14 Graeco-Roman tombs discovered in Bahariya oasis


Egypt State Information Service

Minister of Culture Farouq Hosni announced on April 12, 2010 the discovery of 14 Greco-Roman tombs dated back to 2,300 years at a construction site near al-Baweeti town in al-Baharia Oasis, October 6th Governorate.

The archaeologists discovered four plaster human masks, a gold fragment decorated with the four sons of the god Horus, as well as coins, clay and glass, said Zahi Hawwas, the Secretary-General of the Supreme Council of Antiquities.

A mummy of a woman measuring 97 centimeters, wearing some jewelry and covered with colored plaster depicting a Roman costume, was also found.

The tombs were unearthed in an area where a youth center was to be built in a village there, Sabri Abdel-Aziz, the head of the ancient Egyptian antiquities department, said in a statement.

The antiquities department has halted construction at the site, where a large necropolis may exist, he said.

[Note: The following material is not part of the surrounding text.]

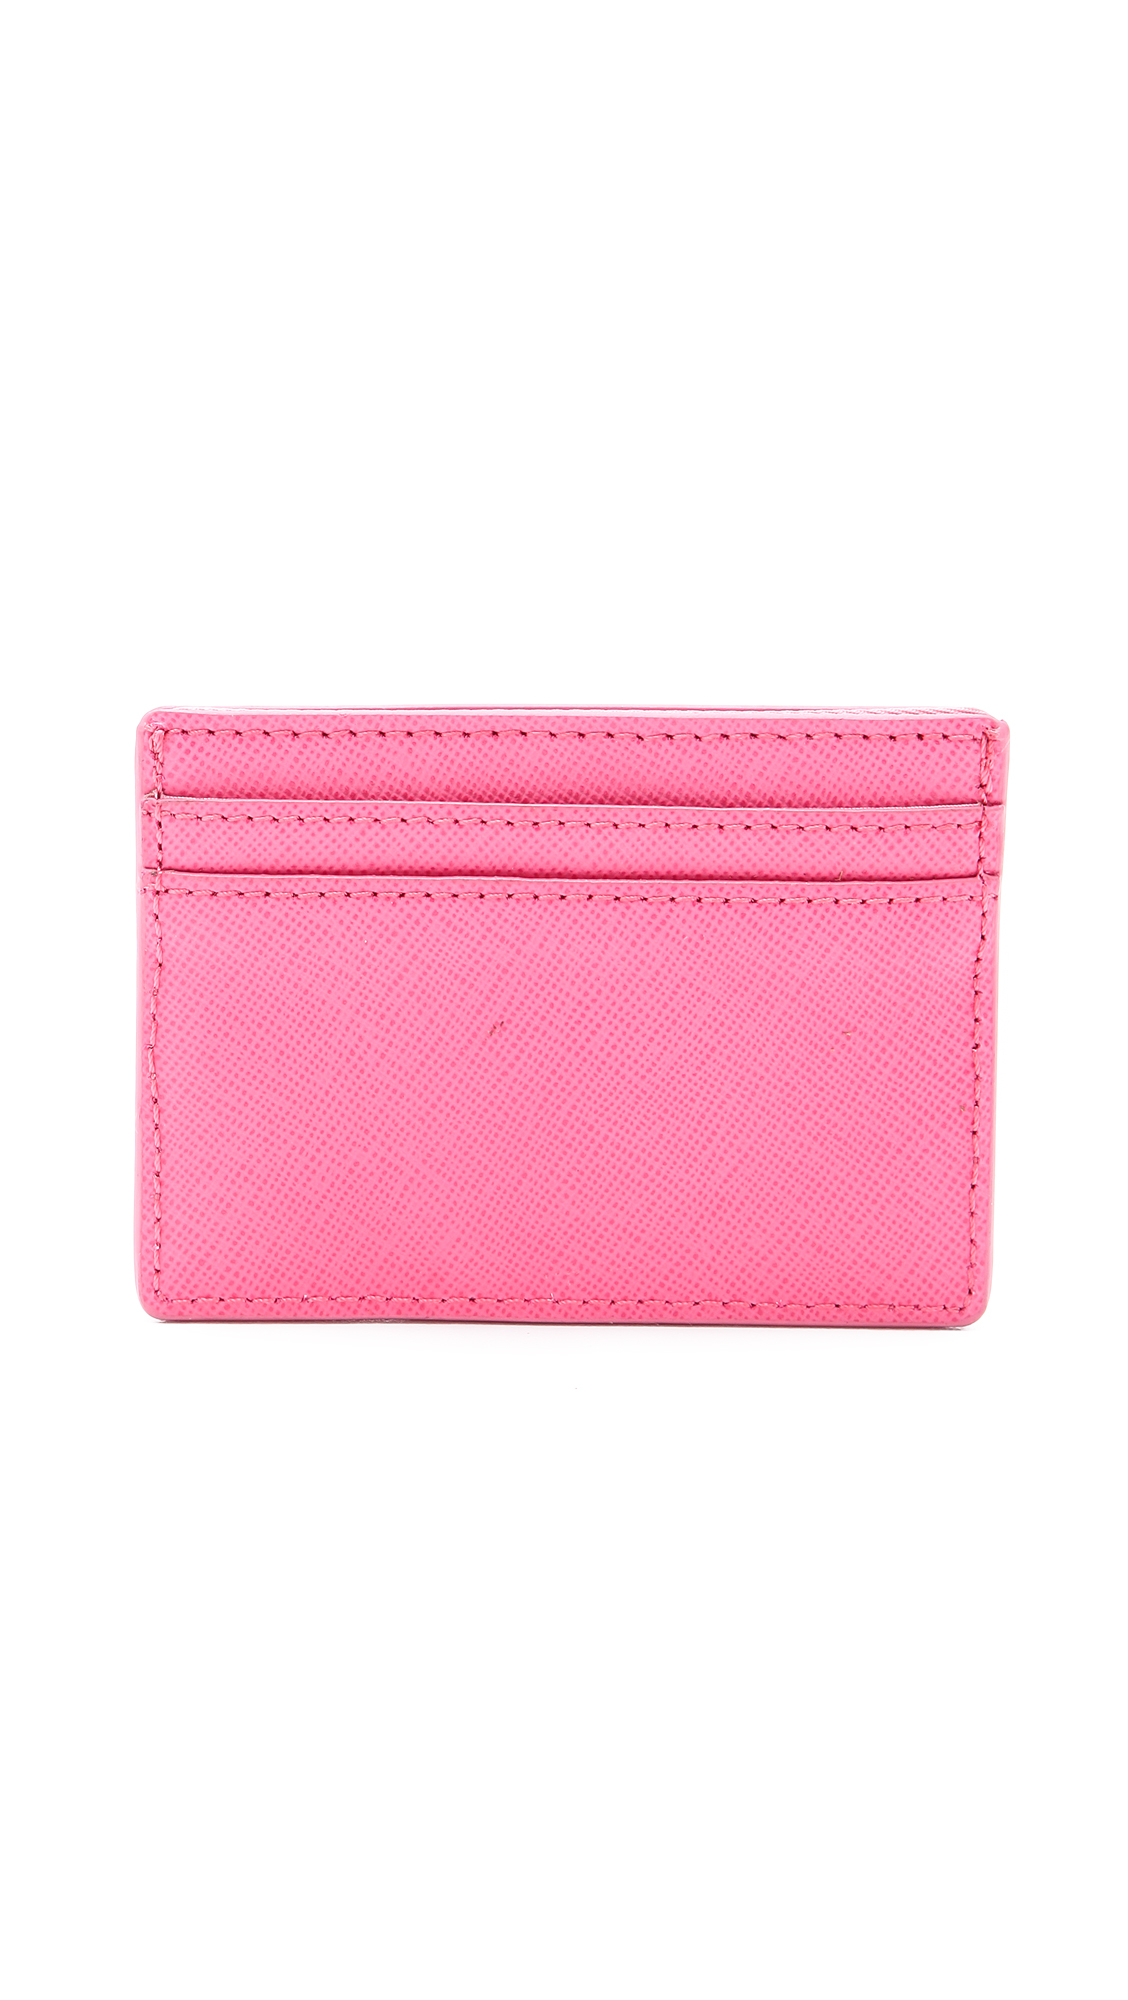 Lyst - Tory Burch Saffiano Slim Card Case in Pink

Discovery News (Rossella Lorenzi)

A bejeweled mummy dressed in Roman robes has emerged from the sands of Egypt's Bahariya Oasis, the Supreme Council of Antiquities said Monday.

Entombed in a decorated gypsum sarcophagus, the 38-inch tall mummy belonged to a woman or girl who died in the Greco-Roman period about 2,300 years ago.

Unearthed in a rock-hewn tomb at a modern construction site near the town of Bawiti, in Bahariya Oasis, some 185 miles southwest of Cairo, the mummy points to the existence of a large Greco-Roman necropolis nearby, Mahmoud Affifi, director of Cairo and Giza antiquities, said in a statement.

Google/AFP

Egyptian archaeologists unearthed a Roman mummy entombed in an elaborate sarcophagus at an ancient grave site alongside gypsum masks, the antiquities council said in a statement Monday.

The one metre (three feet) long gypsum sarcophagus portrays a woman dressed in Roman robes and contains a mummified woman or girl who died in the Greco-Roman period about 2300 years ago.

"We are sure (the mummy) is female. Either she was a small woman, and mummies always shrink, or she could have been a young woman," Zahi Hawass, chief of the Supreme Council of Antiquities, told AFP.

Presstv

Findings suggest that the tombs might have been part of a much larger necropolis, Egypt's Culture Ministry said in a Monday statement.

The female mummy was found in the stair-lined interior of one of the rock-hewn tombs, Reuters reported.

The 97-centemeter tall mummy was cast in colored plaster inlaid with jewelry and eyes.

Archeologists also found four anthropoid plaster masks, a gold fragment adorned with engravings of the four sons of Horus and a collection of coins, and clay and glass vessels.